The most famous - or perhaps infamous - example of incestuous breeding in the General Stud Book involves the early influential unnamed broodmare who was described as by Spanker out of Spanker's own dam. Many have doubted the veracity of that alleged mating, which, if it was accurate, took place more than 300 years ago, if only on the grounds that breeders then, as generally ever since in the case of the thoroughbred, have tended to mate their stock in accordance with biblical guidelines.

However, it has long been common enough for breeders of other species to effect incestuous matings, and what goes on in the wild among many breeds is nobody's business but their own. Circumspection doesn't come into it.

An oft-cited example of an incestuous mating that went horribly wrong was that of Derby winner Orby with his half-sister, the 1,000 Guineas heroine Rhodora, in 1912. The resultant foal did not survive a ghastly entry into the world and the mare never conceived again.

But there have been happier outcomes of similar unions. Foaled in 1955, the aptly named Experiment was by His Slipper out of Bedroom Slipper, the parents being half-siblings. He won minor races at Phoenix Park, the Curragh and Leopardstown, and in a relatively brief stud career he got a son rather better than himself in Sandiment, who won twice in respectable company at Saint-Cloud as a three-year-old.

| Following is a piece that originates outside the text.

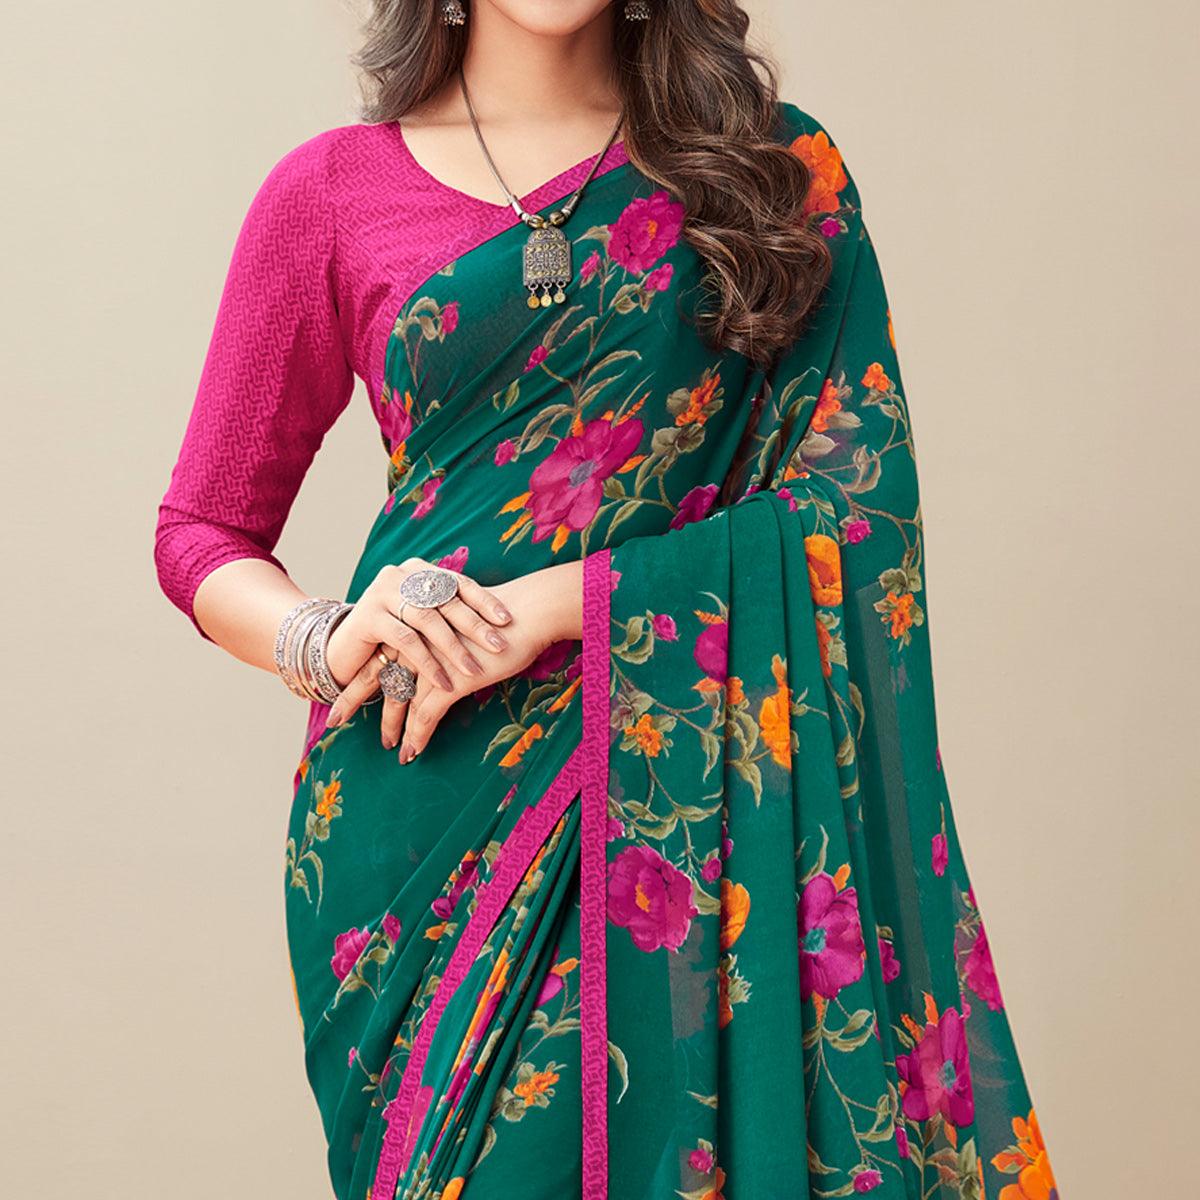 Turquoise Floral Printed Georgette Saree - Peachmode

Somewhere in my filing system, sadly eluding recovery, is a note of a horse I saw at Doncaster many years ago, the product of a full-brother/ full-sister mating. It didn't sell and I don't suppose it ever ran, or my memory would have retained something about it.

What all these facts suggest is that, over the course of the 300-plus years the thoroughbred has existed, just about every kind of mating has probably occurred and it might be a mistake to cite any as a unique example.

Except, perhaps, for the case that resulted in the birth of a filly called Lover's Miss in 1933. There was no significant inbreeding involved with her, but what was remarkable was that she was by Meteoric Prince out of Countess Buckingham, who were both foals of 1931. Could there really be another instance of a foal conceived when both parents were yearlings?

Could there really be another instance of a foal conceived when both parents were yearlings?